Thursday, March 30, 2006

ERIC CLAPTON'S BIRTHDAY

It's Eric Clapton's birthday today! Ain't he great. Look at him here, doesn't he look cool but horrendous at the same time:



There's nothing more special about today. that's it.
-----------------------------------------------------------------------------------


...except that I got this email from Cian today:

Flash,

On this day every year for the past few years you've made the usual
joke to Hayman about how today is Eric Clapton's birthday chortle
chortle hardy har har. Well, I think enough is enough! That
particular horse has been flogged to death and its time we focussed on
why today is so important to Hayman; its Norah Jones' birthday today
and well you know it.

okay in that spirit:

HAPPY BIRTHDAY NORAH JONES!


Norah Jones: Isn't she lovely. And it's her birthday today and Eric Claptons but no-one elses

Monday, March 20, 2006

POSTCARDS FROM THE DREDGE

St.Patrick's Day is a day celebrating a Welshman, celebrated chiefly by Americans, celebrated chiefly in a shade of luminous tropical green that is outside the forty-shades found lapping the hillsides of even the John-Hindiest of sunny days, celebrated in the most morally-lapsed unsaintly manner possible. In fact the only Irish people who celebrate it to the fullest is Diageo, owners of Guiness and Baileys. But wait - that's actually an English-owned company and all.
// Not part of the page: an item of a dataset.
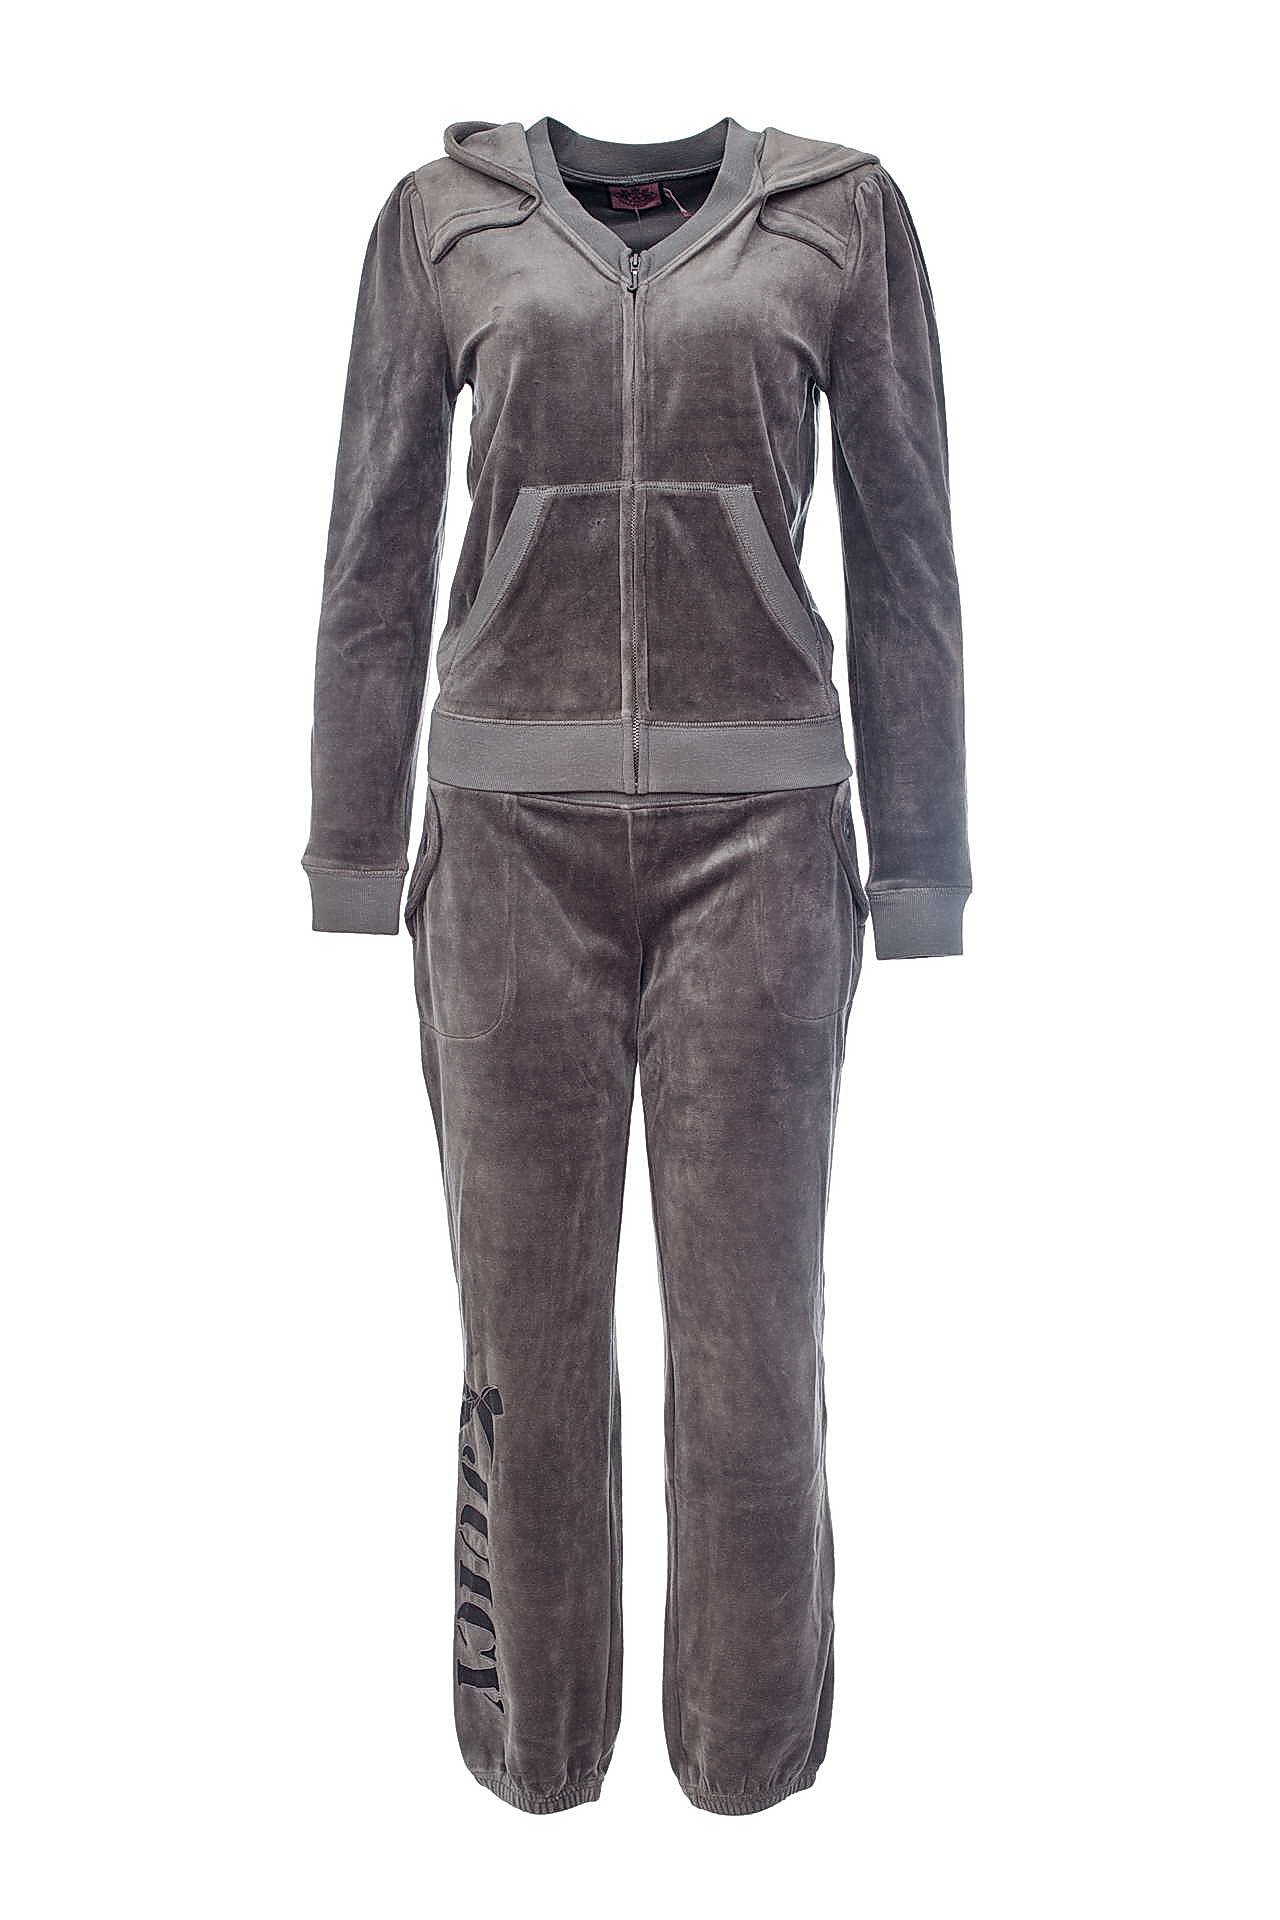 Одежда женская Костюм JUICY COUTURE (JG001682/1683/11.1). Купить за 12950 руб.

Who cares though? St. paddy's day is sanctified drunkeness, seemingly religion-sanctioned debauchery, trying to combine the Irish penchant for brew and a symbol of our clerical distinctiveness. All philosophies are a million miles away though when you're standing watching the carnivalised parade trumpeting past you on a damp and unseasonably frigid Friday afteroon. I bumped into the American 'troops'from the Little America area of Cork who live near the shop I'm spending all my time in these days. Any by sweet Jesus did they look ridulous: war paint, wigs, all this bright green shite that made me look down on my pissy browning shamrock shame-faced like the man with the tiny willy in a row of occupied urinals. I realised that in order to convery my Irishness I had to be content with the fact that I was Irish. I found myself wandering the stands with two them, Jodi-with-an-I and Kristine-with-a-K (for a nation that can't spell they sure are particular about their misspellings). Kristine-with-a-K was already sozzled with a capital S, and wandered down the road singing The Divinyls' "I Touch Myself" much to the wonderment of the four-year-old in front of her. I wandered away from the Americans and met up with fellow scholar Sarah for a bit, where we delighted in taking some bawdy pictures. Unfortunately at last report this picture was the screensaver to one of the computers in the English department:



Oh dear. But that's exactly the sort of thing all those John Hindeists should be taking pictures of to capture the spirit of the St. Patricks day of modern Ireland. Just look at some of these postcards that supposedly entice people to the Emerald Isle...


John Hinde. He must wait for that one sunny day in Ireland and then go mental with his camera. What a deceptive bastard.

(One other point about this photo: There's obviously a house on fire in the distance, why don't that badly-dressed couple DO something?)



The fact that this postcard has the words "industial estate" at the bottom of it should have been a clue that they were doing something fundamentally wrong. But that's not the only problem: It's a bloody pre-fab in the foreground. A big dirty prefab. Not only that but this postcard includes a car-park. And it looks like the Trotters' have parked their three-wheeler there.


It's field. And it looks pretty brown to me. The skanky umkempt bit of my back garden where my dog does her Mr.Whippies would get more tourists than that obvious land-fill.



It's a road in Skibbereen. Nothing more. Probably a tourist attraction for it's pot-holes. "Gee Maureen, that must be where Leprechauns live!"


How to take a picture for a postcard in Waterford: Wait for the grimmest, wettest day of the year, then wait 'til twilight. Oh and ensure you have half-obscured the only building of historical interest with a lamp-post.


Don't be fooled: That sun in the top left-hand corner has been cleverly photoshopped in. It doesn't matter how much colourdy sh*te ya border the picture with, it's BRAY. It's still got pebbles that would rip the verucas off ya, and a sea that'll bleach your pubes for free.